When I was allowed to stand and get dressed (around an hour later), I went through the pages with the mid wife a few more times, sat and waited for my supermarket bag full of medication and needles (only 1 months worth), and then asked if they would show me how to do the daily shots.  Long story short – they tried to do it, I told them that “no, I needed to learn” and then as I tried to stab myself 3 fingers from the tummy button, I got very upset (was there any doubt), only put it in a small amount and had to pull it out and then finally pushed it all the way in, pushed down and withdrew.  She told me it was like a little mosquito bite – at that point in time, my arse it was.  She also told me that it was a good idea to alternate sides for the shots in a smiley face pattern – at least something would be smiling! They are all preloaded thankfully.

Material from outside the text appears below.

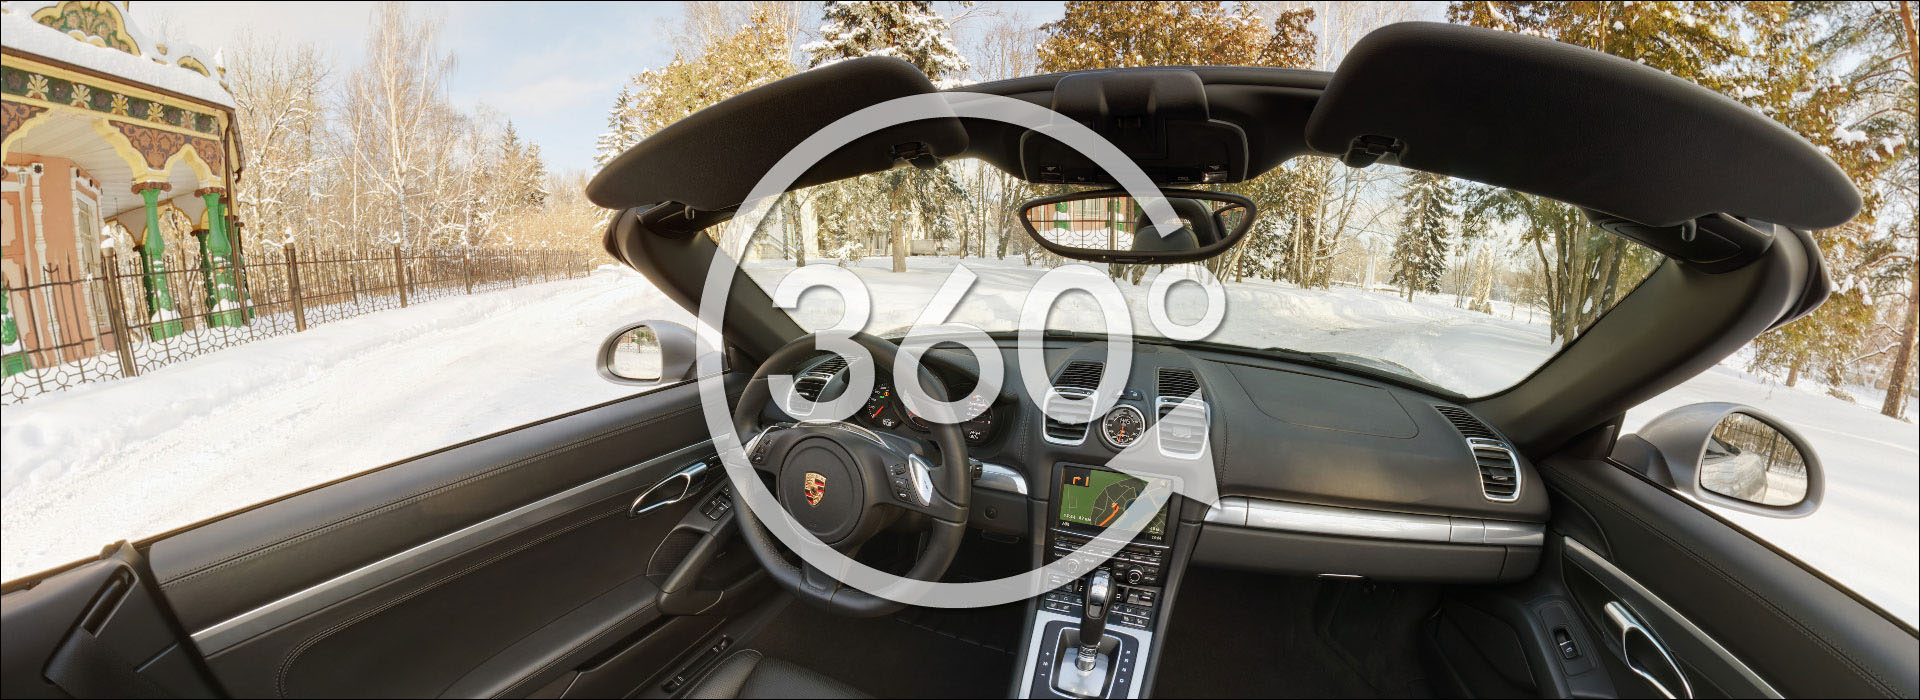 Porsche Boxster virtuální prohlídka
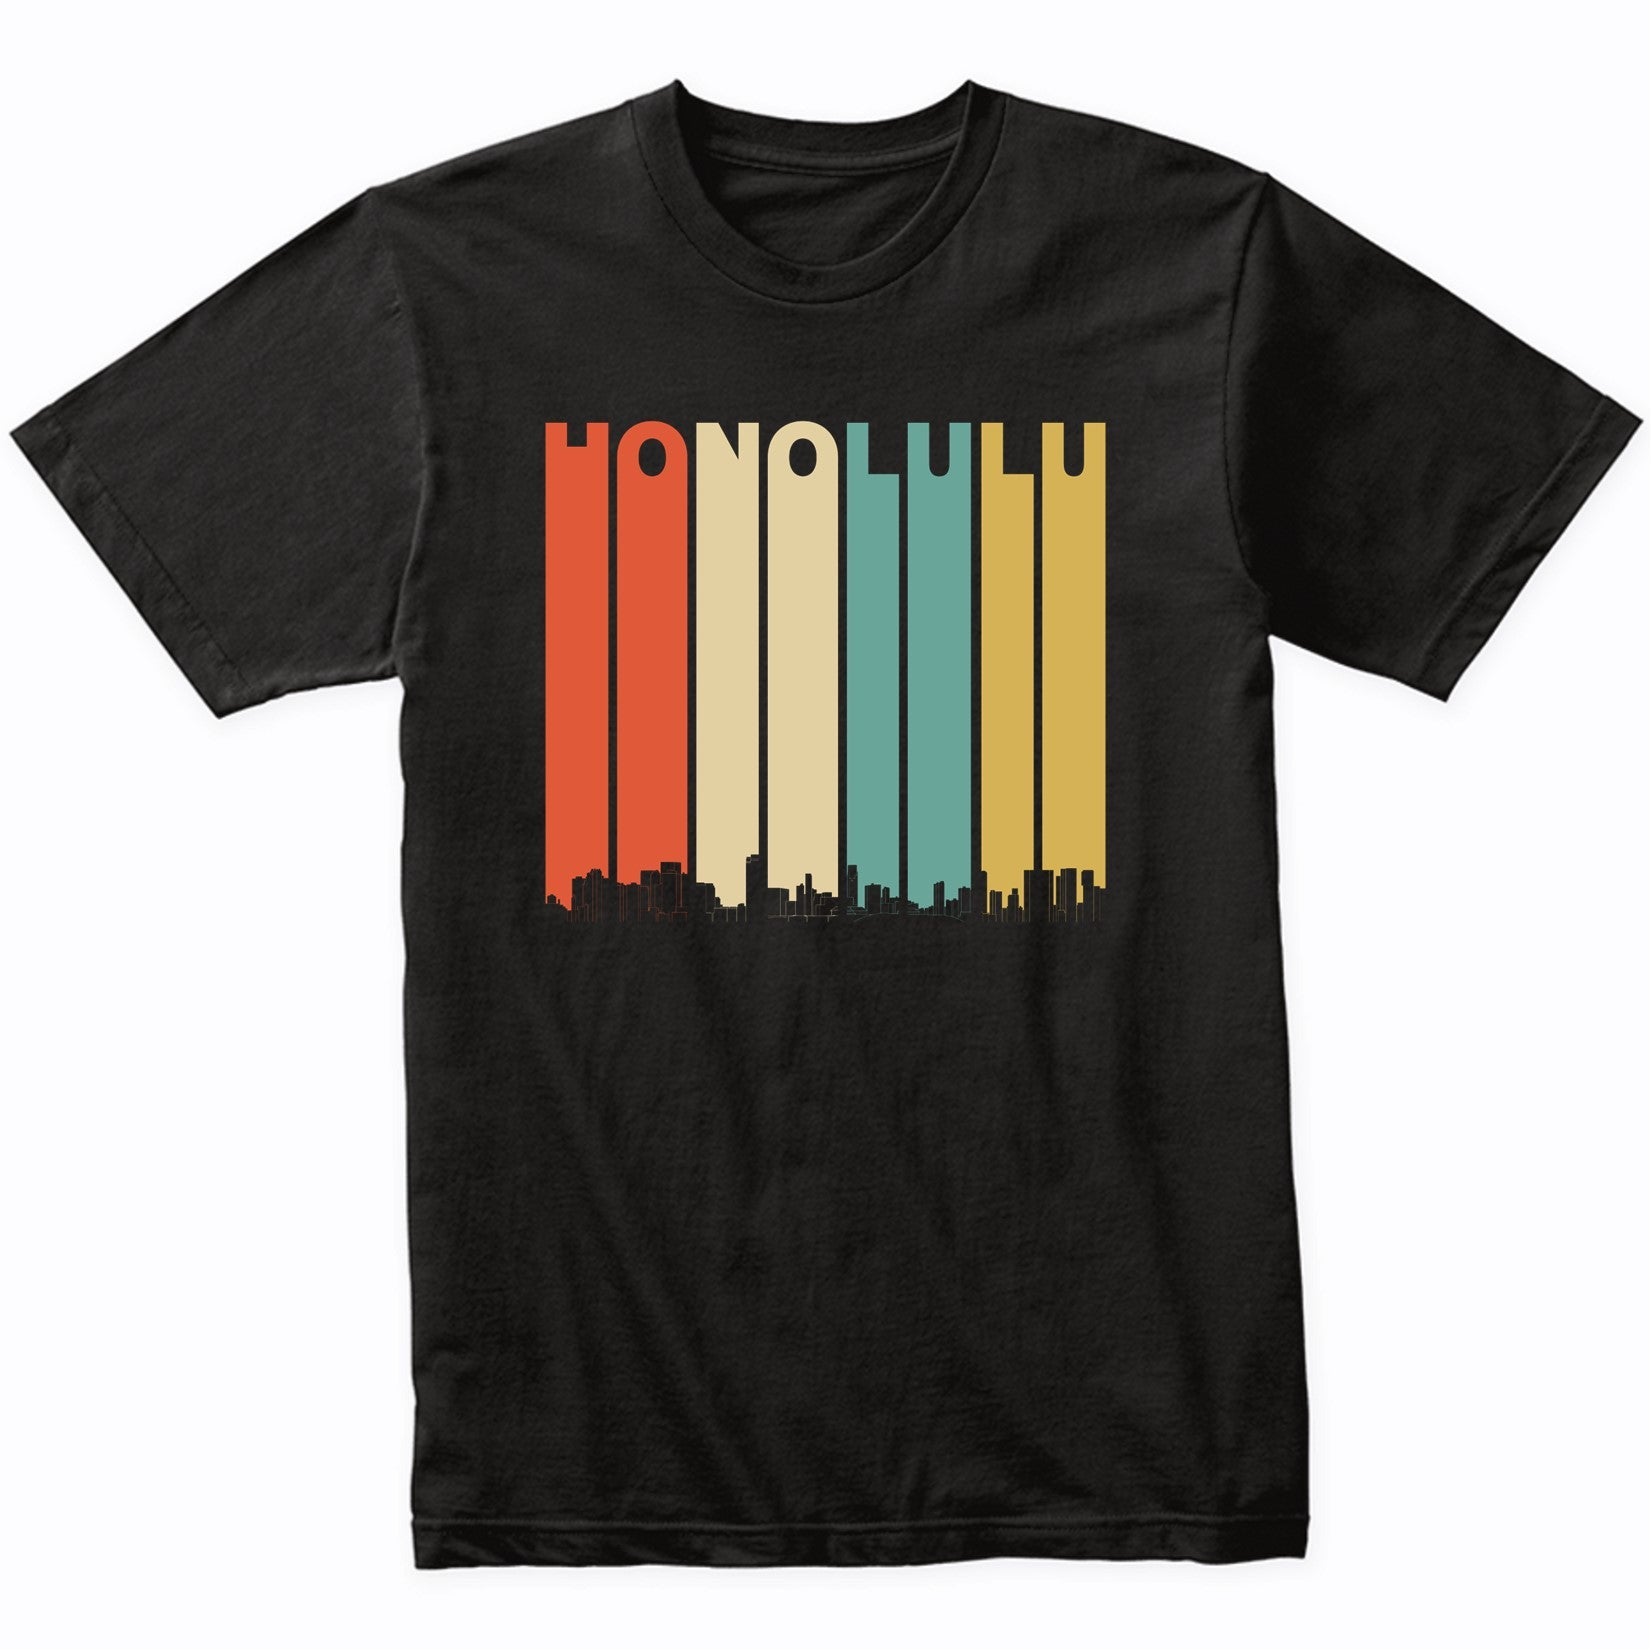 Vintage 1970's Style Honolulu Hawaii Skyline T-Shirt

As I left I was told that my Progesterone levels were excellent – another small win and I was off back to my apartment officially inseminated.

Crazy, just crazy.

Bring on the 2 week mark when I would have my blood test to see what was going on and to tell me if I I needed 3 additional ‘butt shots’ of progesterone – luckily I had trips planned and plenty of awesome people to distract me until then.  Thankfully they are fabulous friends and helped me arrange blood tests both in Sweden and France as I needed to have 2 tests, 2 days apart.  My mind could rest a bit easier with that sorted.

Pregnancy test here I come – never thought I’d be saying that being 33 and single.  My, how things change and how life works out

I AM strong enough for this.  It just took some convincing.  What’s llfe without a little (or a lot), of challenge.

 Although, I still would not wish doing this process alone on my worst enemy.